Task to complete
Your answer must be the records, copied with no change.

------

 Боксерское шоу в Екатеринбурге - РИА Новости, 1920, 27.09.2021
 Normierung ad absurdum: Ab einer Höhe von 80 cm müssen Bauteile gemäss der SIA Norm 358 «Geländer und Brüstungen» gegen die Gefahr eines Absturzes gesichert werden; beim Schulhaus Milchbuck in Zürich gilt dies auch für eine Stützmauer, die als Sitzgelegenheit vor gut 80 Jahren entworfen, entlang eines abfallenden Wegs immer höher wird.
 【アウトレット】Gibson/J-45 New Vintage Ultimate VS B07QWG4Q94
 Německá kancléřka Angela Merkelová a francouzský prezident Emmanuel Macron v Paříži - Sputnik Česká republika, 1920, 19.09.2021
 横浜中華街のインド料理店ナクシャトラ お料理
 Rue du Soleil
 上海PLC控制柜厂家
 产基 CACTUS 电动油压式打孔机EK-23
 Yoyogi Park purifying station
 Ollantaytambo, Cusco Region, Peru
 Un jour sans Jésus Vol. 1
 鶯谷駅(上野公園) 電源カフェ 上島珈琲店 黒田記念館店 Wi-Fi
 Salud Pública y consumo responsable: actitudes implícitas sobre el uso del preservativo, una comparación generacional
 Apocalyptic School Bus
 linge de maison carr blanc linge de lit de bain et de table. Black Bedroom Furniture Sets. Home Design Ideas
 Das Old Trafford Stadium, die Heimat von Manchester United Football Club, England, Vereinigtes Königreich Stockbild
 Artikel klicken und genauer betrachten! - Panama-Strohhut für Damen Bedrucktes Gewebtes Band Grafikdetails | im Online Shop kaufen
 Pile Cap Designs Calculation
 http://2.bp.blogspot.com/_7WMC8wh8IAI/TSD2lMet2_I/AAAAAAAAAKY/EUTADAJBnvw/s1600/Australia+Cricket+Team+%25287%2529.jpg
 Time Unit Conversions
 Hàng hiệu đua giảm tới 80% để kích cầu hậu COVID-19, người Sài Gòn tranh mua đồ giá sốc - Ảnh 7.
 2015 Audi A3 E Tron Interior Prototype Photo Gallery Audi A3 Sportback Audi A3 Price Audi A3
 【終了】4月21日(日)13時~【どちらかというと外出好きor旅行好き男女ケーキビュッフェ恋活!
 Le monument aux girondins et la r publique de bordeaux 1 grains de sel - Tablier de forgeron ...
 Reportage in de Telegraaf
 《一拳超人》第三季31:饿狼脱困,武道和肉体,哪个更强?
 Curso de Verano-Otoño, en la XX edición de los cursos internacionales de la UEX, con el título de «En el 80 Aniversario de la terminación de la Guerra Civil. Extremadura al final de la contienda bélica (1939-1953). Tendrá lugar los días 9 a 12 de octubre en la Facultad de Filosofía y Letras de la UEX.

------

Solution to this exercise
 Боксерское шоу в Екатеринбурге - РИА Новости, 1920, 27.09.2021
 Normierung ad absurdum: Ab einer Höhe von 80 cm müssen Bauteile gemäss der SIA Norm 358 «Geländer und Brüstungen» gegen die Gefahr eines Absturzes gesichert werden; beim Schulhaus Milchbuck in Zürich gilt dies auch für eine Stützmauer, die als Sitzgelegenheit vor gut 80 Jahren entworfen, entlang eines abfallenden Wegs immer höher wird.
 【アウトレット】Gibson/J-45 New Vintage Ultimate VS B07QWG4Q94
 Německá kancléřka Angela Merkelová a francouzský prezident Emmanuel Macron v Paříži - Sputnik Česká republika, 1920, 19.09.2021
 横浜中華街のインド料理店ナクシャトラ お料理
 Rue du Soleil
 上海PLC控制柜厂家
 产基 CACTUS 电动油压式打孔机EK-23
 Yoyogi Park purifying station
 Ollantaytambo, Cusco Region, Peru
 Un jour sans Jésus Vol. 1
 鶯谷駅(上野公園) 電源カフェ 上島珈琲店 黒田記念館店 Wi-Fi
 Salud Pública y consumo responsable: actitudes implícitas sobre el uso del preservativo, una comparación generacional
 Apocalyptic School Bus
 linge de maison carr blanc linge de lit de bain et de table. Black Bedroom Furniture Sets. Home Design Ideas
 Das Old Trafford Stadium, die Heimat von Manchester United Football Club, England, Vereinigtes Königreich Stockbild
 Artikel klicken und genauer betrachten! - Panama-Strohhut für Damen Bedrucktes Gewebtes Band Grafikdetails | im Online Shop kaufen
 Pile Cap Designs Calculation
 http://2.bp.blogspot.com/_7WMC8wh8IAI/TSD2lMet2_I/AAAAAAAAAKY/EUTADAJBnvw/s1600/Australia+Cricket+Team+%25287%2529.jpg
 Time Unit Conversions
 Hàng hiệu đua giảm tới 80% để kích cầu hậu COVID-19, người Sài Gòn tranh mua đồ giá sốc - Ảnh 7.
 2015 Audi A3 E Tron Interior Prototype Photo Gallery Audi A3 Sportback Audi A3 Price Audi A3
 【終了】4月21日(日)13時~【どちらかというと外出好きor旅行好き男女ケーキビュッフェ恋活!
 Le monument aux girondins et la r publique de bordeaux 1 grains de sel - Tablier de forgeron ...
 Reportage in de Telegraaf
 《一拳超人》第三季31:饿狼脱困,武道和肉体,哪个更强?
 Curso de Verano-Otoño, en la XX edición de los cursos internacionales de la UEX, con el título de «En el 80 Aniversario de la terminación de la Guerra Civil. Extremadura al final de la contienda bélica (1939-1953). Tendrá lugar los días 9 a 12 de octubre en la Facultad de Filosofía y Letras de la UEX.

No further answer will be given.